At Nobel Peace Awards, China's Iron Fist Will Echo

By Rob Gifford, reporter for National Public Radio
December 9, 2010

When the Nobel Peace Prize is handed out Friday in Norway, there may be two empty chairs set out on the awards platform for this year’s laureate, Liu Xiaobo, and his wife.

Liu languishes in jail and his wife, Liu Xia, is under house arrest amid China’s sweeping crackdown on dissent ahead of the ceremony. Even his supporters are being discouraged from attending.

In 1975, the Soviet government allowed Andrei Sakharov’s wife to collect his Nobel Peace Prize. China has made no such concessions for Liu. Friday’s awards presentation will be the first time that a Nobel Peace Prize laureate or representative has not been allowed to attend the gala since Nazi Germany barred pacifist Carl von Ossietzky from going in 1935.

It’s not a historical comparison that China, which has tried hard to rebrand itself, likes very much. But Jeffrey Wasserstrom of the University of California at Irvine said Beijing has only itself to blame.

The Chinese government’s response “undermined their own efforts to be seen in a new way by falling back into very much of a kind of Cold War way of responding,” Wasserstrom said.

As part of the latest crackdown, China has detained as many as 200 activists and dissidents or prevented them from leaving the country. A prominent Christian human rights lawyer, Fan Yafeng, said he was detained in October, beaten by police and is now a prisoner in his own apartment, guarded by eight police officers.

“The crackdown is comprehensive,” Fan said through a translator. “It’s preventing me from taking part in any of my activities as a lawyer, as a Christian or as a scholar. I can’t leave my house for seminars or to go to church or to do anything. They are trying to cut all my connections with the outside world.”

Even though Fan says his cell phone is being interfered with, he has managed to post on Twitter. The 1970’s Soviet Union this isn’t. There is a social and economic revolution going on — just not a political one. Perhaps the most surprising thing is that a huge proportion of China’s people, for better or worse, doesn’t seem to care.

“We’re not quite interested in this topic because we don’t see so much relevance with our regular life,” said graduate student Qian Jin. “It’s just so abstract. It’s something that’s so far away from my everyday life.”

Despite popular indifference, Beijing has launched a counteroffensive against the Nobel Committee and what it portrays as Western conspiracies against China. A pro-government group in Shanghai has even set up an award called the Confucius Prize to counter the Nobel, and China has also succeeded in persuading some countries to boycott Friday’s Nobel ceremony.

One man they have not been able to silence, however, is AIDS activist Wan Yanhai, who happened to be in the U.S. when the prize was announced in October.
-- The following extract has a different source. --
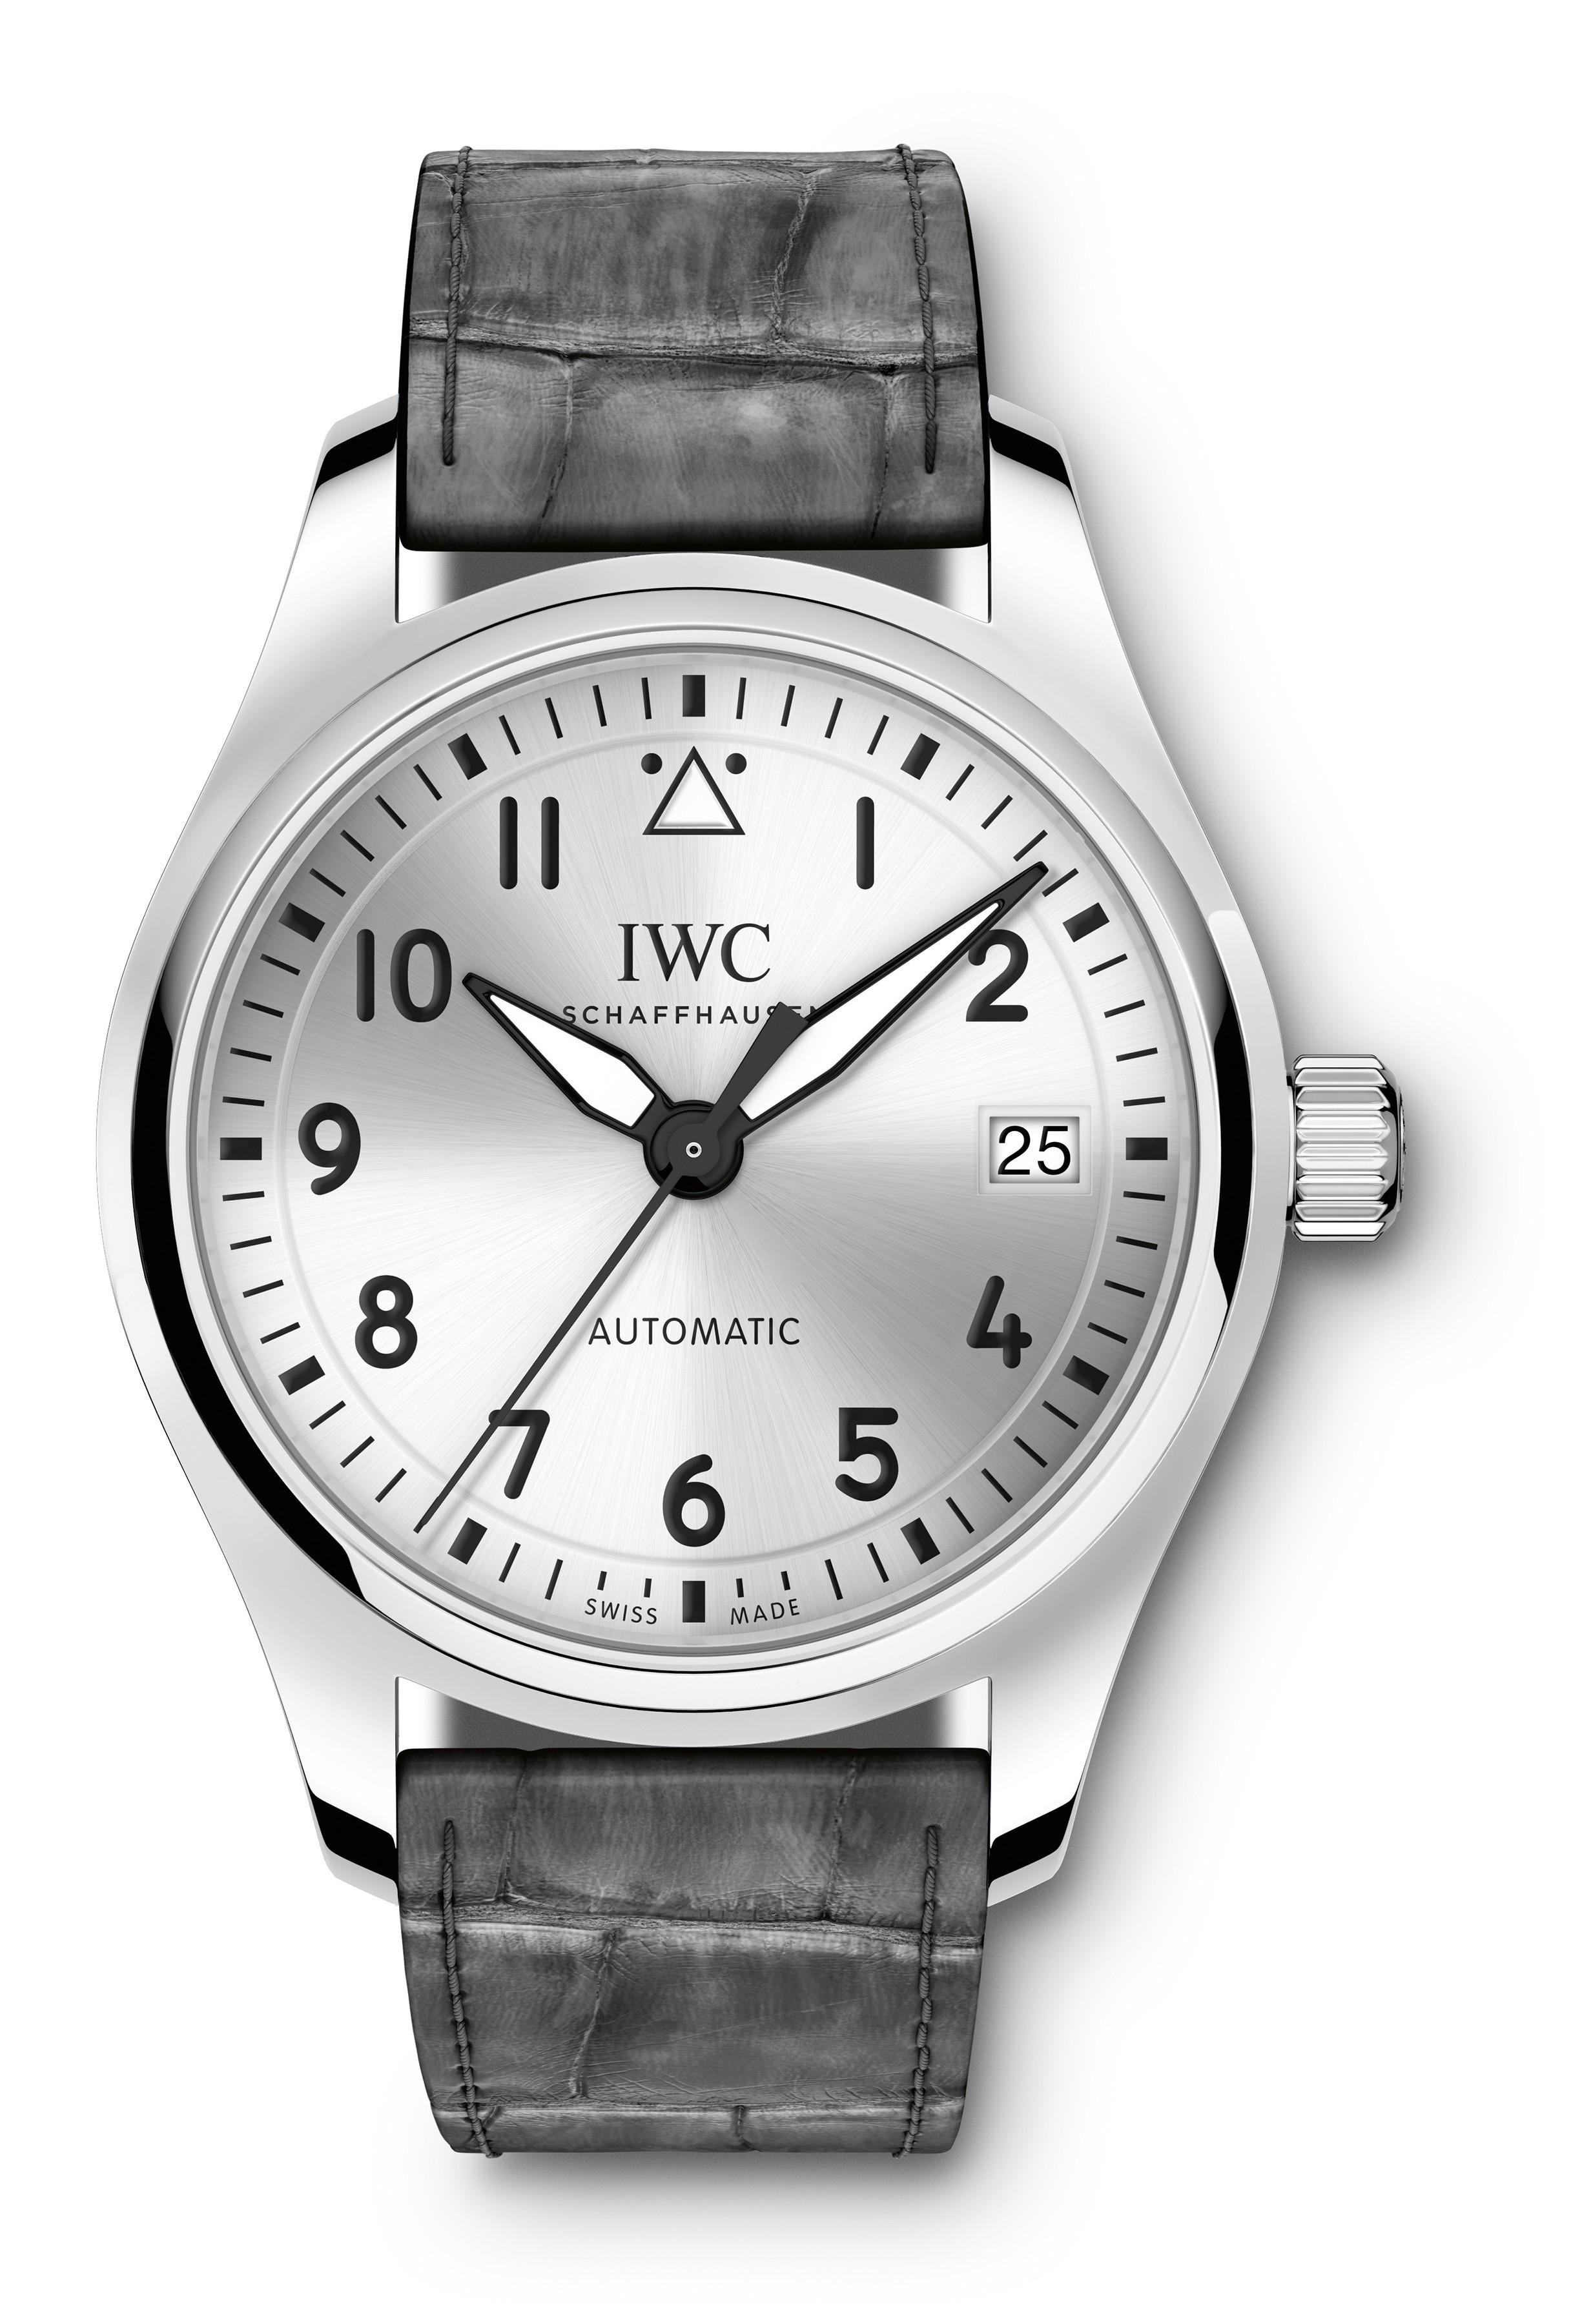 Calendario Anual Reloj Mejores Y Más Novedosos Iwc Reloj De Aviador Automático 36 Iw3240 Of Calendario Anual Reloj Más Reciente Calaméo Prensa Pitiusa Edici³n 237

He said that regardless of government propaganda, the fact that the prize was awarded to Liu put it into the public realm and that in itself creates discussion among Chinese people.

“People are sharing information and discussing the issue, so democratic awareness will be growing,” Wan said.

He’s under no illusions about the hard-line political situation in China, but he isn’t completely pessimistic. “I believe that China’s Communist Party will continue to keep a hard line for some time, but I don’t believe they can keep a hard line for ever,” Wan said.

His colleagues at his organization in Beijing have already received a visit from the police, who warned that their work will become more difficult if he attends the ceremony in Oslo.

But Wan, who was to arrive in Oslo from Washington on Thursday, said he is going anyway.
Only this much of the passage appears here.